There isn't really a black & white yes or no answer to this. It heavily depends on the malware and exploit used to infect the infected computer in the first place.
Ex:
wannacry/etc malware that used eternalblue exploit could infect other computers on the same network, because thats how the eternalblue exploit and wannacry malware was designed (to spread the infection, like a worm).
If its malware that made its way to the PC from an infected download or malware ad that was clicked etc, and the malware is only designed to infect the computer it was executed on but has no worm like properties, then it probably wont spread around. Or if the malware used some exploit to get onto the infected PC, but another PC on the same network is patched against that exploit, then it likely wont spread to the clean PC either since the attack vector is no longer valid on the clean PC (hence the reason why its important to stay updated for software, or like how disabling SMBv1 prevented the wannacry ransomware from infecting other PC's )
Try AP isolation in router setting. It prevent devices from direct connect with other devices on network.
i am not 100% sure about this, since I have not looked into this setting yet, but wouldn't that be counter productive for most home PC's on the same network?
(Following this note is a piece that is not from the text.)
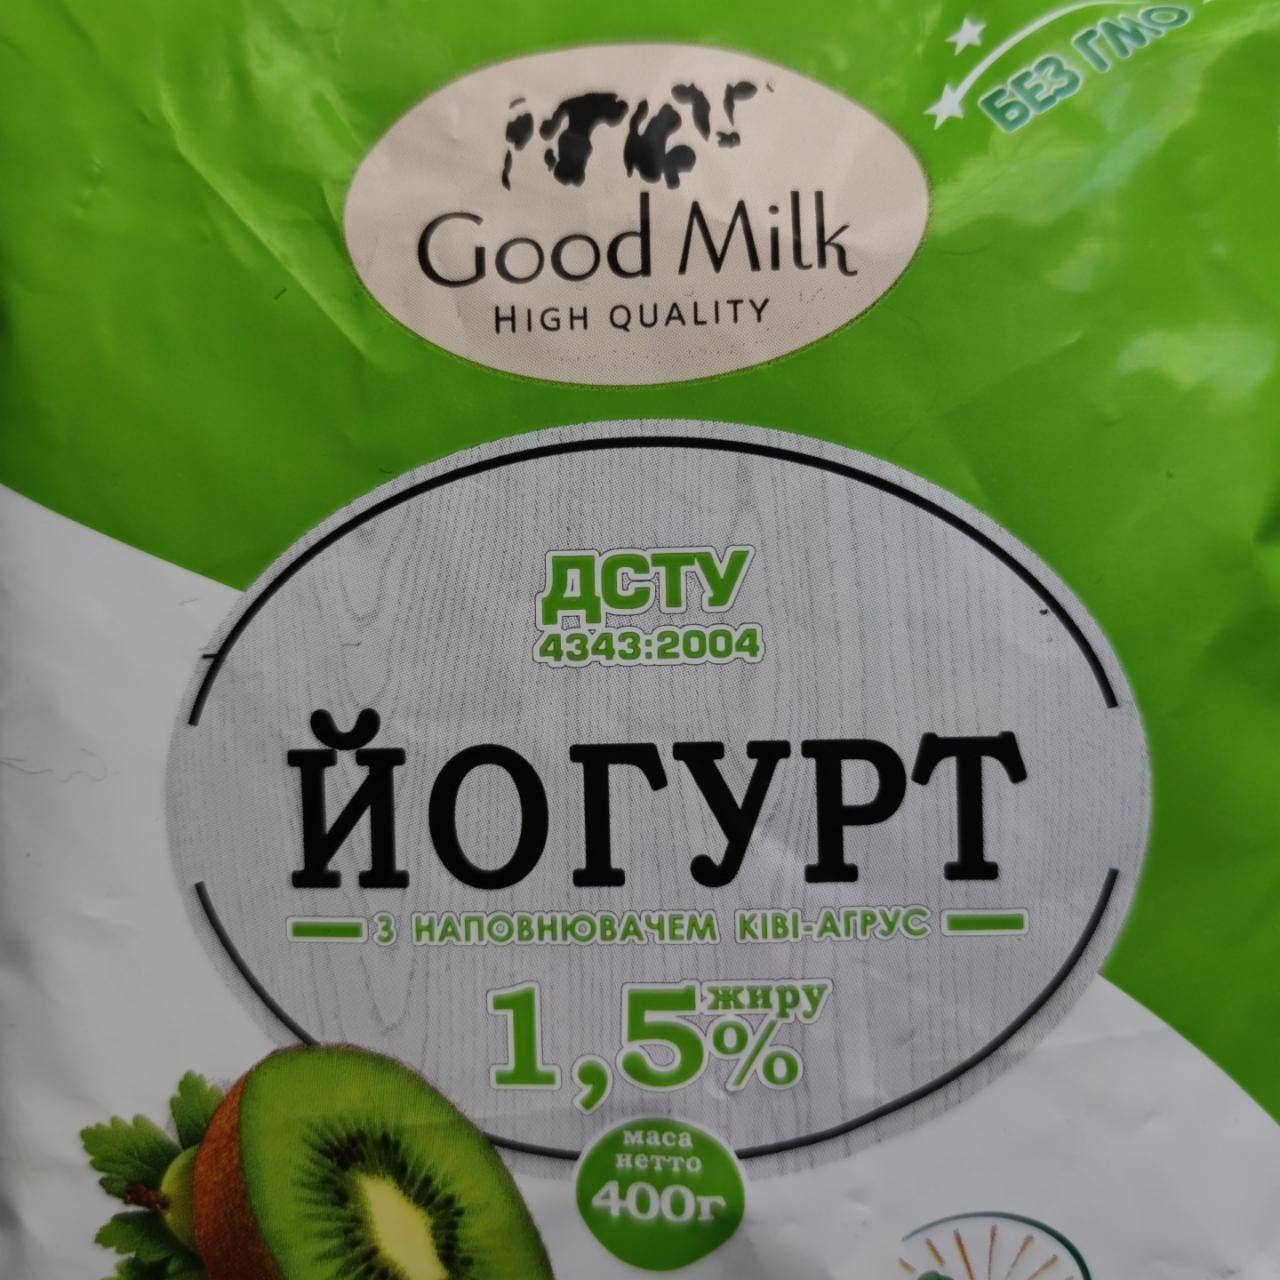 Фото - Йогурт 1.5% з наповнювачем ківі-агрус Good Milk

And maybe even computers on a company network? Since they would likely want to connect with other devices on the same network to access shared stuff? or access network printers?
Windows has the "homegroup" feature for home users, so would AP isolation break this functionality? Would you still be able to manually share drives or folders if you enable AP isolation? (from your definition of AP isolation, sounds like it would break sharing, but i am not 100% sure).
Not a threadjack, just continuing from the OP's question...
If you have a few home PC's on the same network (wifi or hardwired) and have enabled "home group" feature to be able to share stuff automatically between them, has malware been able to use this as an attack vector to spread to the other PC's? Or is this somehow patched by microsoft?